Russia Deploys Solar Powered Ambush Drones

Posted by David Hambling, Senior Contributor | 17 hours ago | /aerospace-defense, /business, /innovation, Aerospace & Defense, Business, Innovation, standard | Views: 9


Drone video from near the Dnipro bridge in Kherson region shows a Russian FPV with an unusual modification: a sheet of solar cells draped over the body. This is a clumsy setup using available materials, but it may be the first battlefield example of a new type of drone, one that can wait in ambush indefinitely.

An Upgrade For Ambush Drones

As we have seen, FPV attack drones are increasingly used for ambushes. The operator lands their FPV by the side of a track or on a rooftop and waits for possible targets, alerted either by a spotter drone or using the drone’s own camera. When one arrives, the drone takes off and goes in pursuit.

The latest ambush FPVs are equipped with landing legs or skids so they can see over grass or other vegetation while landed.

Fiber drones seem to be popular for ambush attacks, because the connection via a fiber optic cable uses less energy than maintaining video contact. This extends battery life so they can wait for longer.

The Russians have also described a version of the Joker FPV able to hibernate, going into a sleep mode for days or weeks before being activated. There are no confirmed sightings of these in the field.

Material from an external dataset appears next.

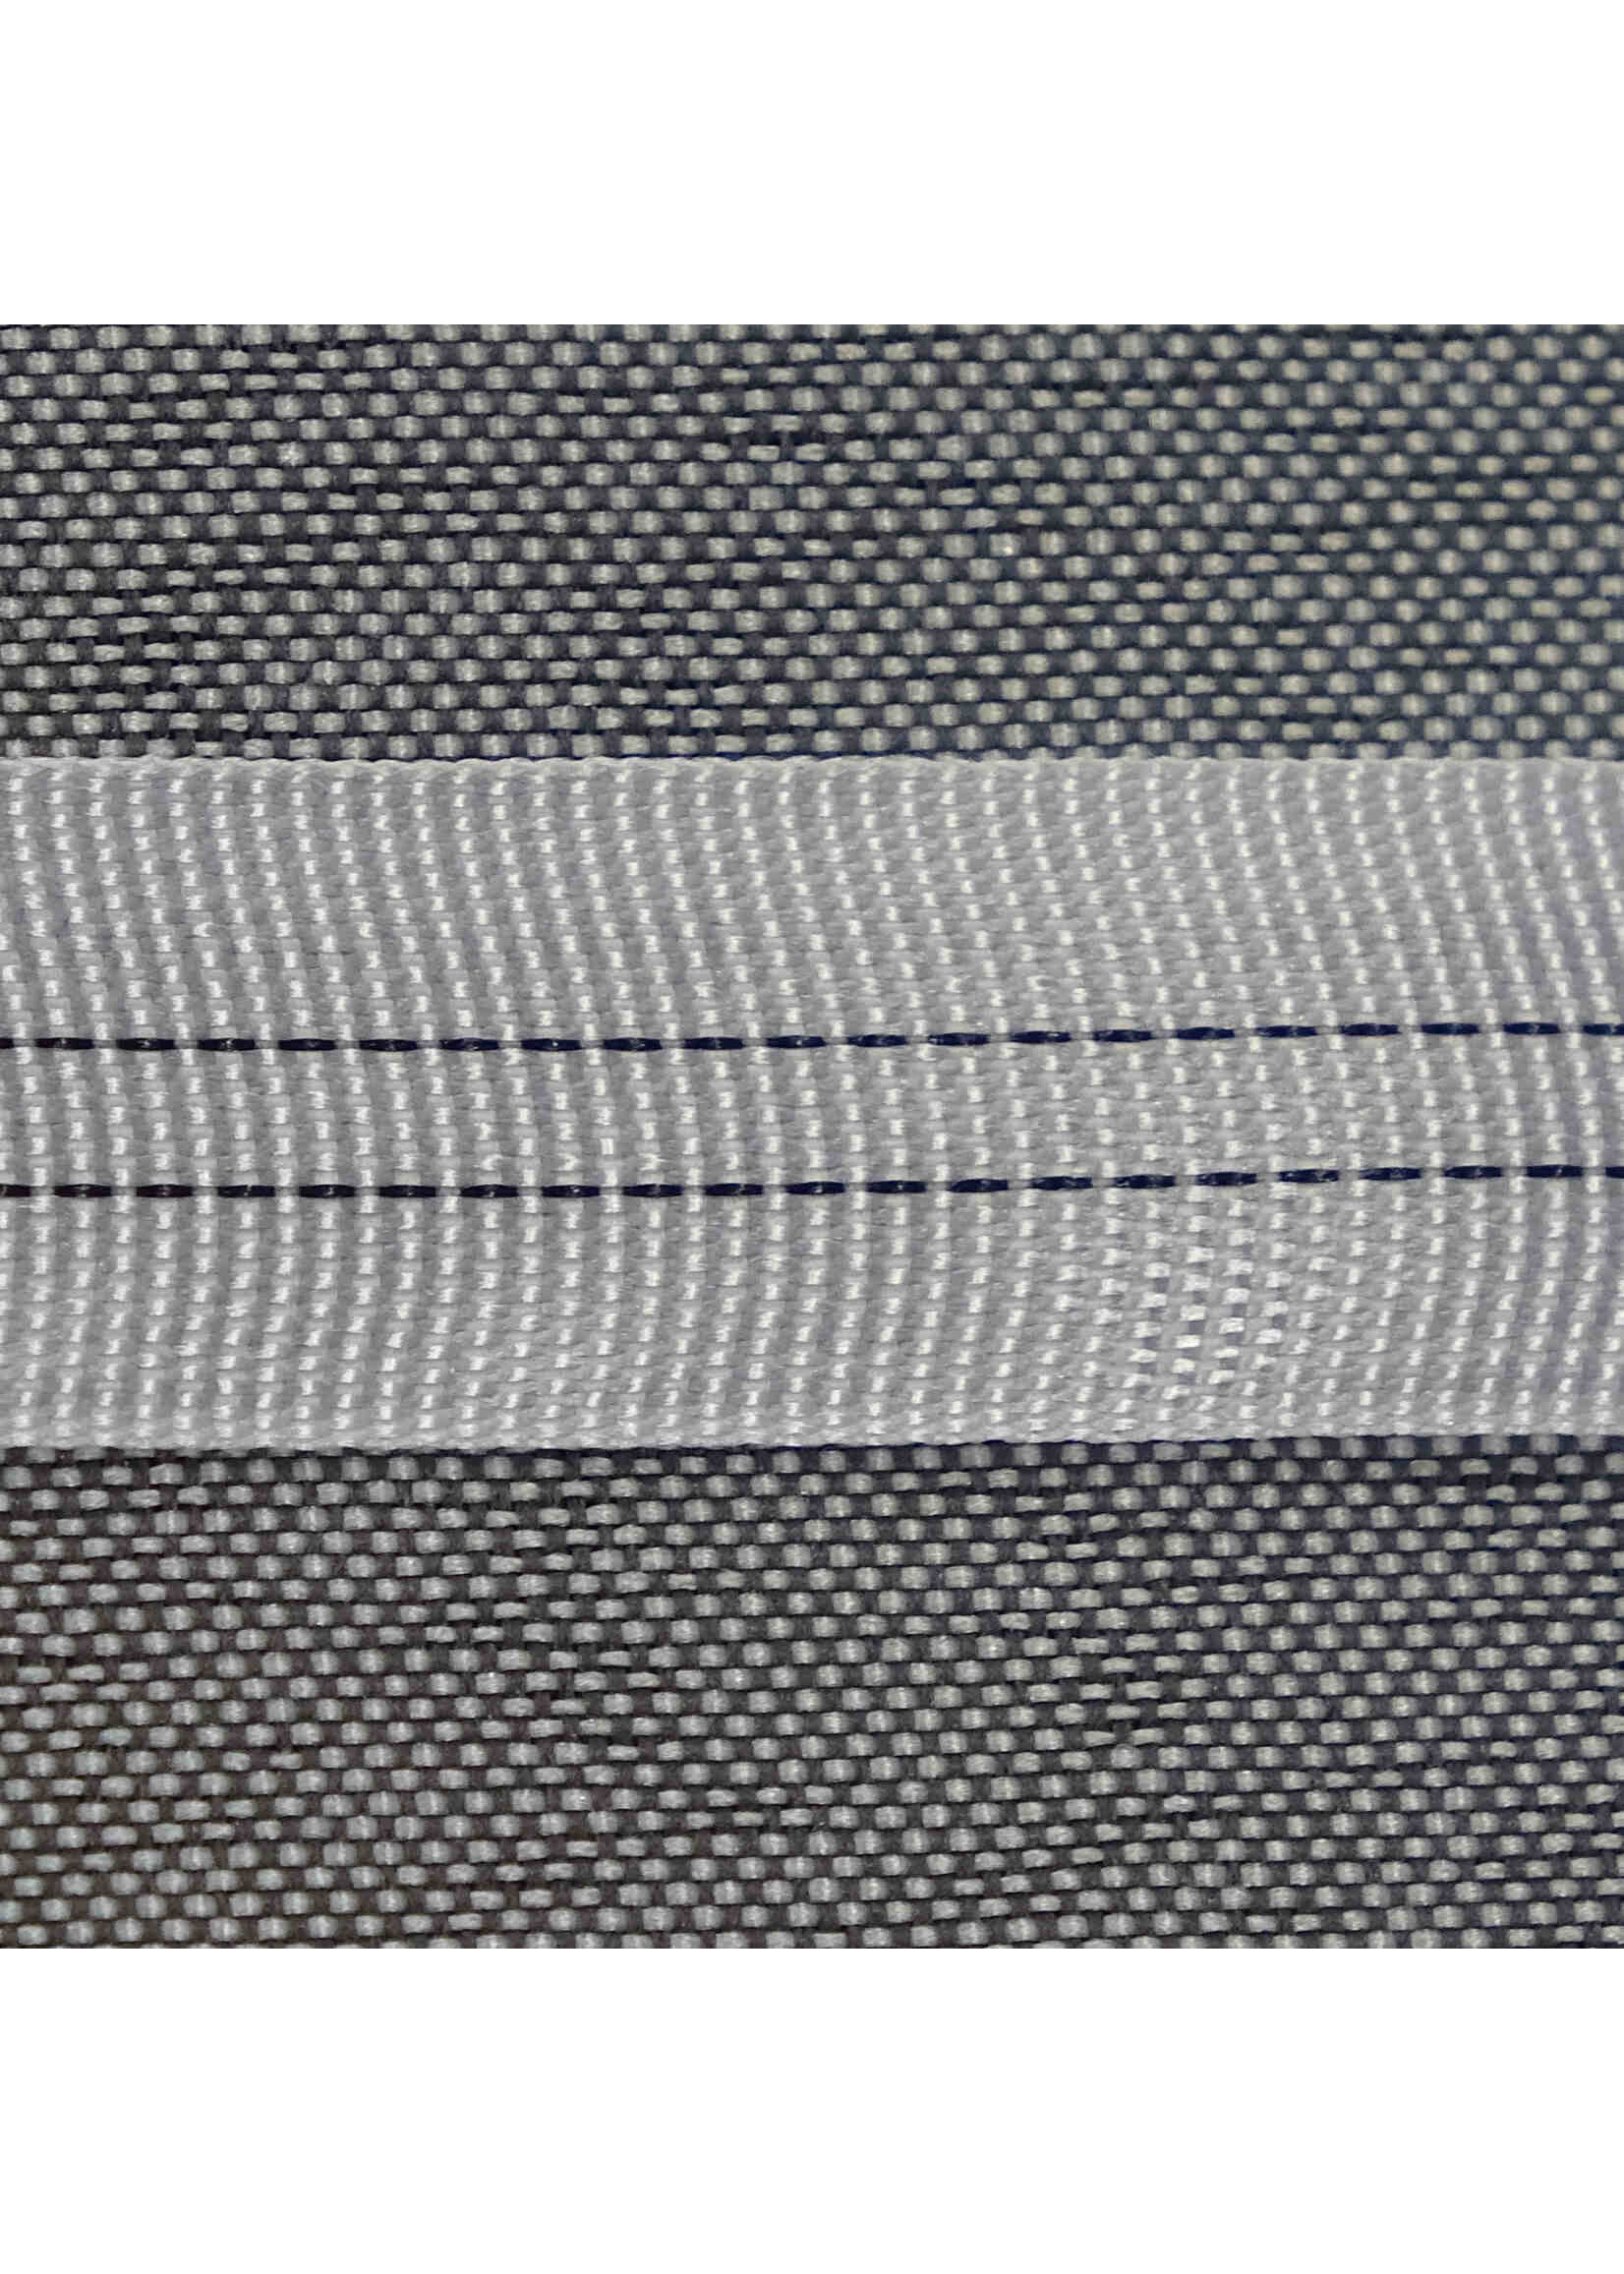 Solana Ruban de calandre en Polyester, résistant à des températures allant jusqu'à 180°C

Using solar power to keep the battery topped up potentially allows a drone to lie in ambush and watch for an extended, if not indefinite, period.

Solar Powered Lurkers

As OSINT analyst DanielR notes on a Twitter/X thread about the solar drone, there are a vast number of lightweight solar charging panels on the market. Carry one over your backpack and you can charge phones and other devices as you hike. They typically cost under $50, like this 5-watt unit weighing less than half a pound and are easily small enough to fit on a drone.

Such a unit should yield 15-45 watt-hours of energy per day, though this is wildly variable depending on conditions. An FPV may consume more than 100 Watts while flying, on the ground it may require as little as 7 Watt-hours per day so the solar charger can maintain it indefinitely in dormant mode. Keeping the camera and other electronics on will take 5 Watts or so, so a drone can stay ‘awake’ for as long as the sun shines.

That may be the intention here.

“Using it to charge the battery is troublesome given the voltages involved,” DanielR told me. “Instead, it’s probably just connected to the 5-volt bus, which powers VTX and camera, without any additional circuitry.”

Effectively the solar cell allows the drone to act as a CCTV sentry during daylight hours, saving battery power for when a target is spotted.

Solar Hopper Drones

Rigging up drones with commercial solar cells is easy enough, and there have been a huge number of projects in this field, from a ‘simple weekend project’ for hobbyists to build their own solar-powered quadcopters, to serious industrial and academic efforts like this 2022 study from the University of Washington which built a multicopter with folding solar cells and software to pick suitable landing sites. The drone could recharge in three hours and then fly for five minutes, making repeated short flights over long distances.

The U.S. Navy’s Aqua-Quad project is a similar concept, but with a floating drone carrying sonar sensor for submarine hunting. Swarms of Aqua-Quads could travel the seas like fleets of mobile sonobuoys.

The technology is becoming increasingly useful as solar cells become lighter and more efficient. When Researchers at the Johannes Kepler University Linz developed ultra-lightweight quasi-2D perovskite solar cells with a power output of up to 44 watts per gram in 2024, they demonstrated its effectiveness by attaching an array of cells to a CX10 toy quadcopter. The cells added just 0.25% to the drone’s weight but could fully recharge the batteries.

These hopper quadcopters are a long way being ‘eternal drones’ like the U.S. Navy’s Skydweller which can fly indefinitely on solar and battery power. But small drones with unlimited mission time on the ground are still useful – and it looks like they are already be in use.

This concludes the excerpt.